Question

How do you determine if `f(x) = 2 cot x` is an even or odd function?

Answer 1

It is odd.

Explanation:

A visual approach is to consider what the graph looks like. An even function is symmetrical over the y-axis. `y = CotX` is not even.
An odd function has point symmetry about the origin (0,0). If you rotate the graph of `y=CotX` about (0,0), it matches the original graph. So it is an odd function.

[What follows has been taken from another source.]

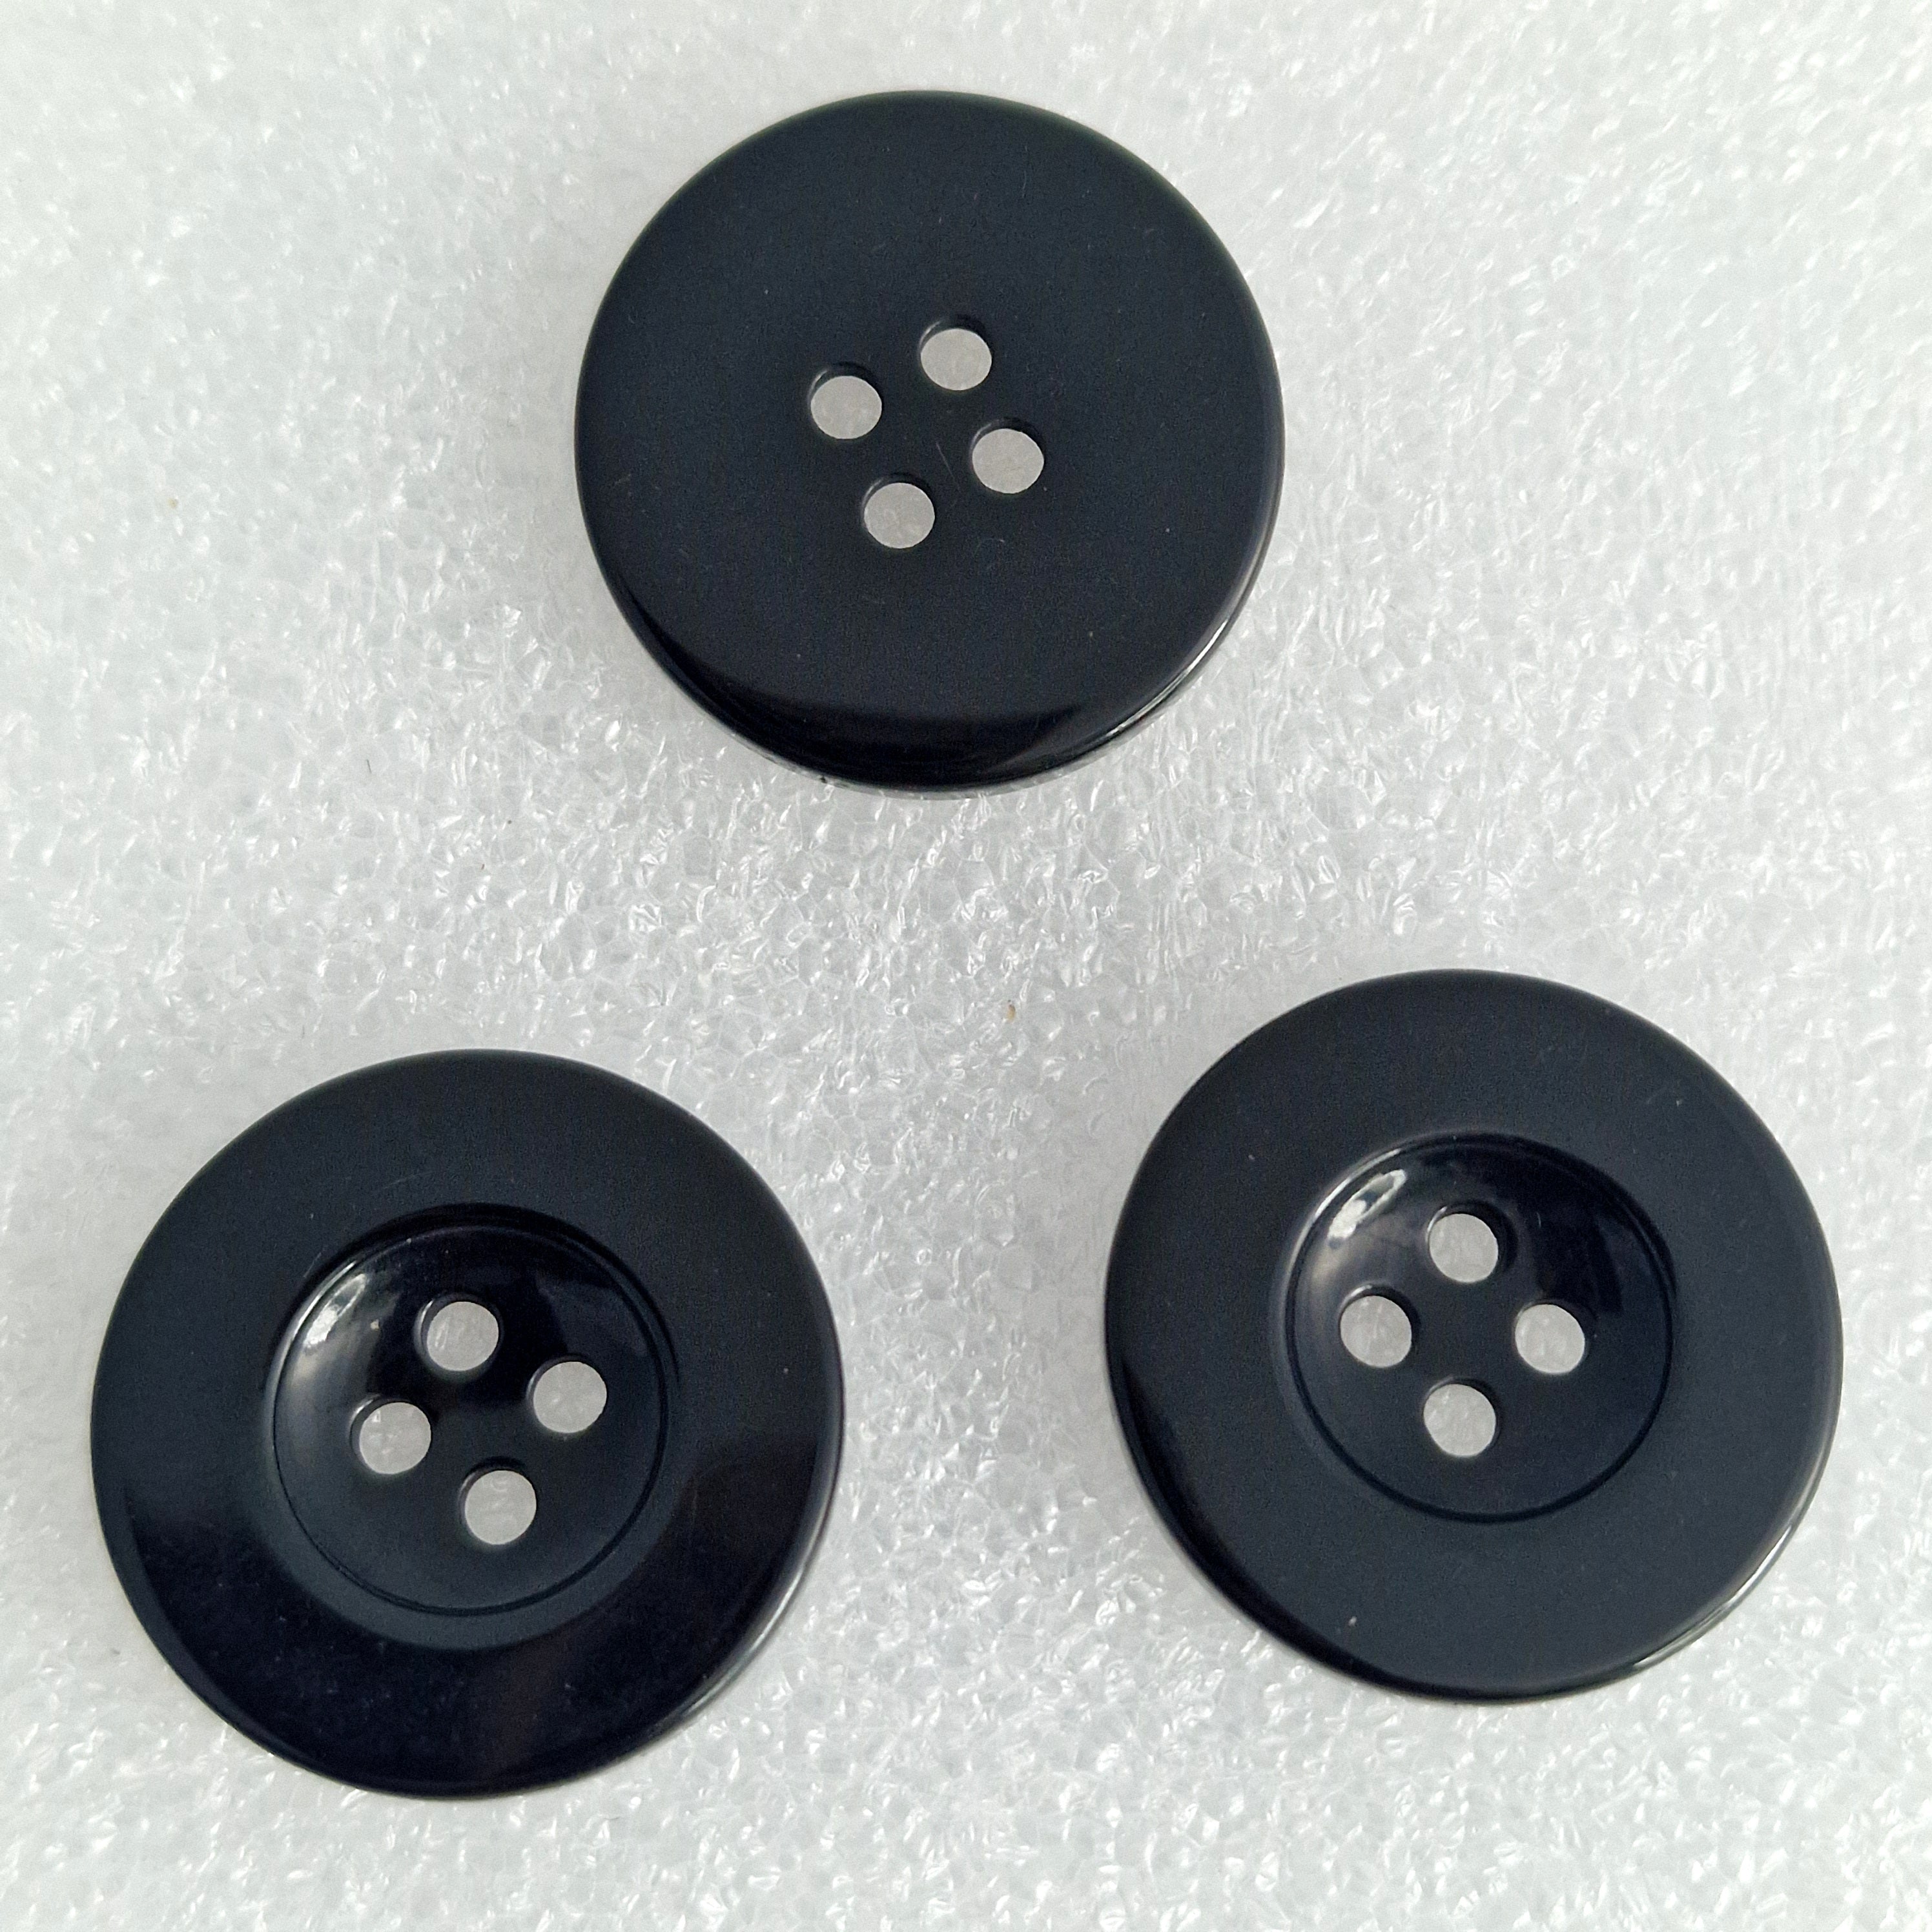 MajorCrafts 16pcs 25mm Black 4 Holes Round Resin Sewing Buttons

The algebraic method is to consider that an even function satisfies the condition `f(x) = f(-x)`. Simply substituting x = 30 deg into your calculator will show that `2Cot(30) = 3.464` while `2Cot(-30) = -3.464` which are not the same.

An odd function must satisfy `f(-x) = -f(x)`, which the value for 30 deg clearly satisfies.

To prove that `2Cot(-x) = -2Cot(x)`, the condition for it to be an odd function, we use the trigonometric identities
`Cot(x) =(Cos(x))/(Sin(x)`
`Cos(-x) = Cos(x)`
`Sin(-x) = - Sin(x)`

Then,

`2Cot(-x) = 2((cos(-x))/sin(-x))`
`2cot(-x) = 2((cos(x))/(-sin(x)))`
`2cot(-x) = -2((cos(x))/sin(x))`
`2cot(-x) = -2cot(x)`
Q.E.D.